We are afraid to say what our moral ideals are, what our views of good and bad and what constitutes duty. We are easily intimidated by those who wish to take over the forums and dictate the direction. We misunderstand that when we leave a void through accommodation of those dictates, the vacuum gets filled with the more aggressive and often less civilized. Naturally, because that is the constituency of those who do not abide by concern for others, a learned trait. The space must be filled with something. And that is what is being forgotten in the eagerness to appear tolerant and accommodating. There is a loss of real civility when appearances only are what count. The original hypocrisy.
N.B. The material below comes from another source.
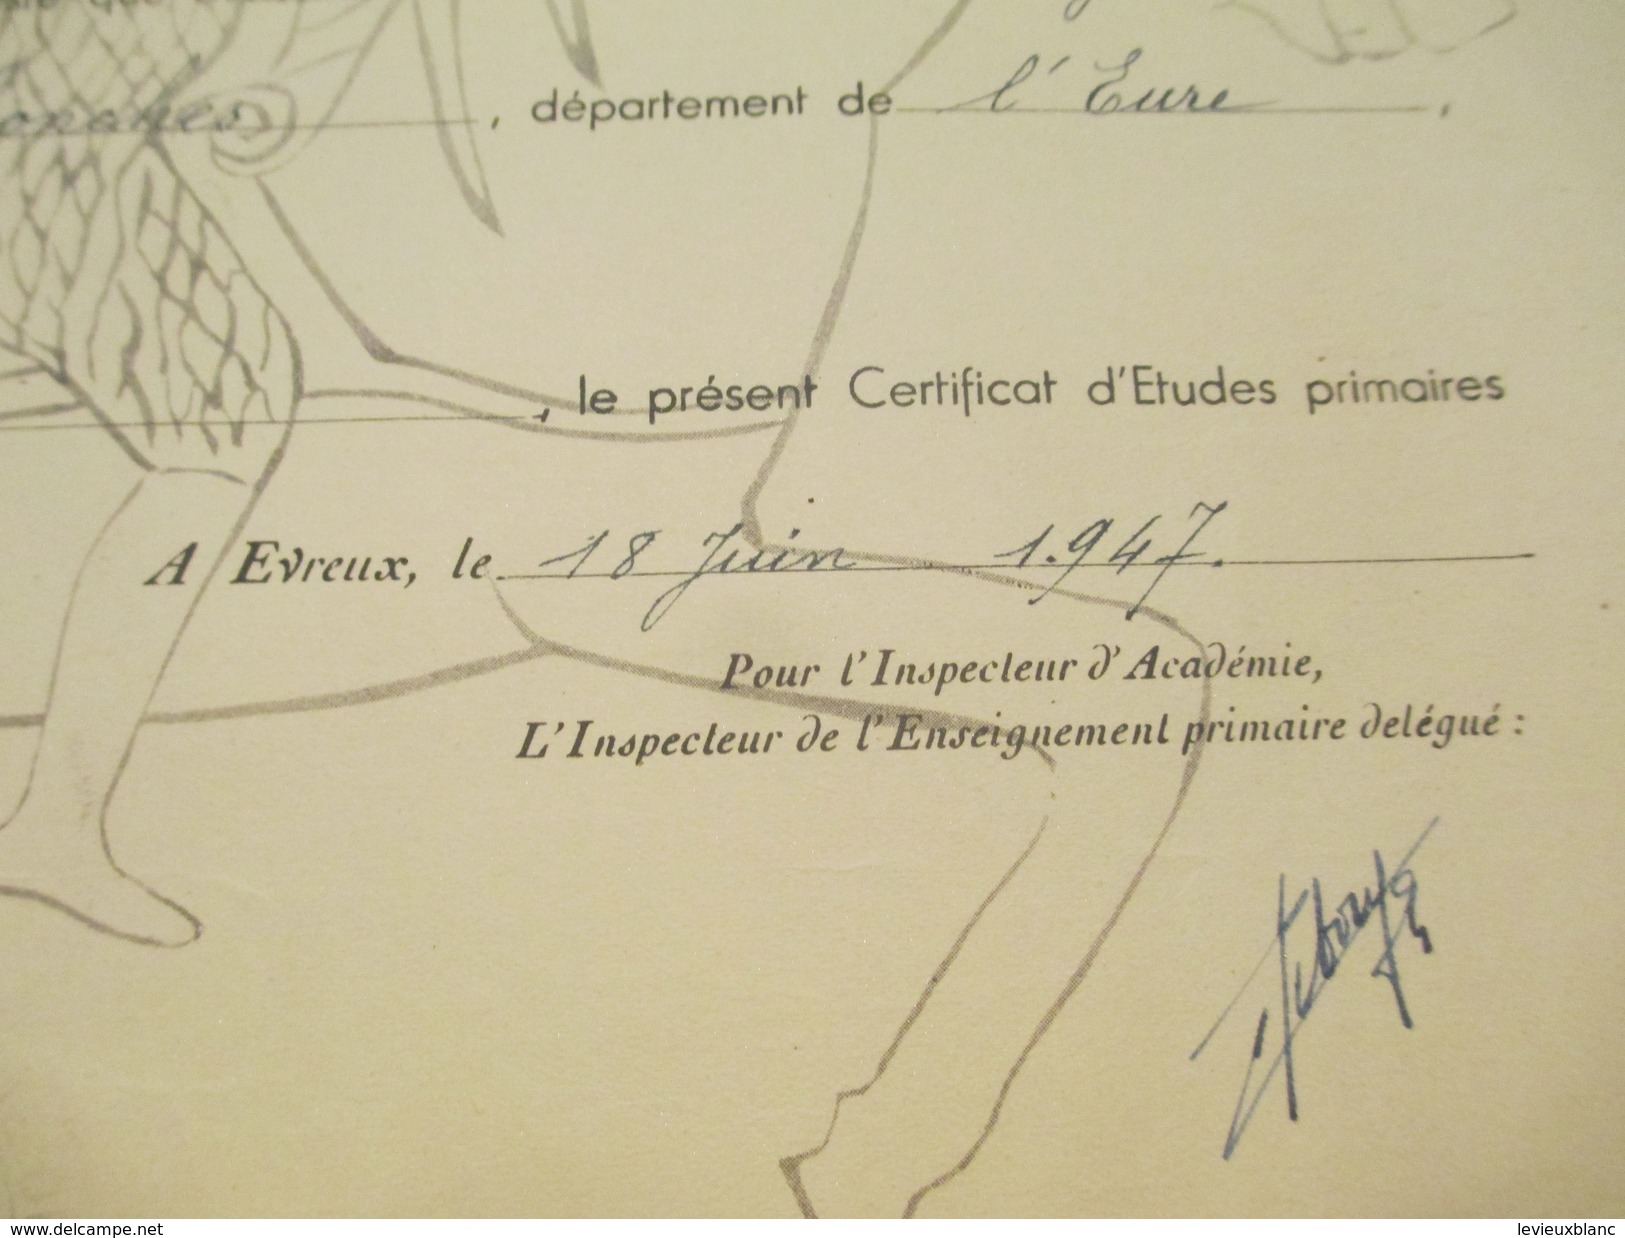 Diplôme De Certifcat D'Etudes Primaires/Education Nationale /Académie CAEN/Giséle MARTIN/Eure /1947          DIP131 - Diploma & School Reports
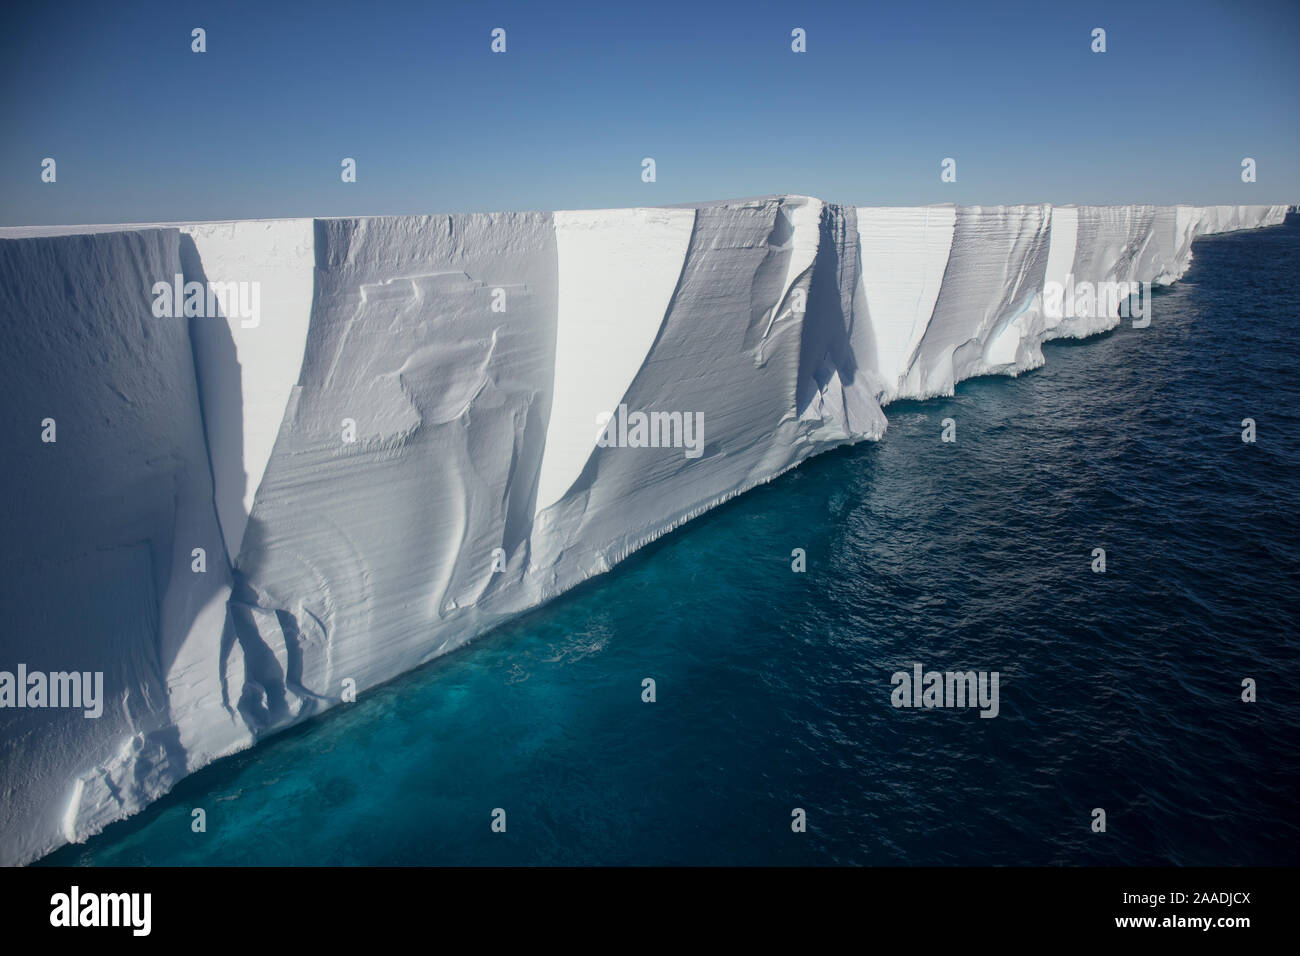 Ross Ice Shelf das größte Eisschelf der Antarktis, in der Nähe von Kap Crozier, Ross Insel, Ross Sea, Antarctica Luftaufnahme von Hubschrauber 02.02.2017 Reise auf der MV Ortelius, 13 Jan? 14 Feb, 2017 von Ushuaia, Argentinien zu bluffen, Neuseeland. Für die Süßwasser-Projekt fotografiert. Stockfoto

We are a people of hesitancy and fear, of unsure beliefs and vacillating actions… and that is why we break down into tribes… to preserve what little we can from antagonistic forces, and from natural entropy.
And this is the nature of the same culture war which has been going on for quite sometime, under different semantical venues, and widely varying issues.
But catastrophe does not suddenly make us become what we are, or herd us into tribal groups… it only unmasks the veneers of civilized image and exposes the substantial character beneath. Do we value life, of others as well as ourselves? Do we have circumstances in which we sacrifice for the good of the group… or do we only value our own self-interest? Do we act in ways commensurate with the trust given us? Do we have sense of duty? Do we have charity and compassion, or are we only about the kleig lights and the prestige in the pride of place….? What makes our moral consensus and why are large parts of our populace outside the fence? Why are the tribal initiations so hard to accomplish… some on basis that no man can accommodate except by fate of birth?
I find that there is too much subjective rejection. If I find that fellow Christian women are rejecting me … how can I find something larger, when I ought to have a place in that group rather easily? Why are we making acceptance so hard?
Why will someone deny food and water to another on the basis of a car’s bumper sticker? Why will we deny dialog based on political view, escalating the hostilities to ever higher decibels until we drown, literally drown, out those not within our tribe? Or useful to our tribe?
We need to be both harsher and more accepting. We need to be more accepting in the real welcome within the group. We need to be harsher in making the outlines of the group quite clear and the entrance quite well marked and established.
And Christians need to start setting examples of exactly how that looks.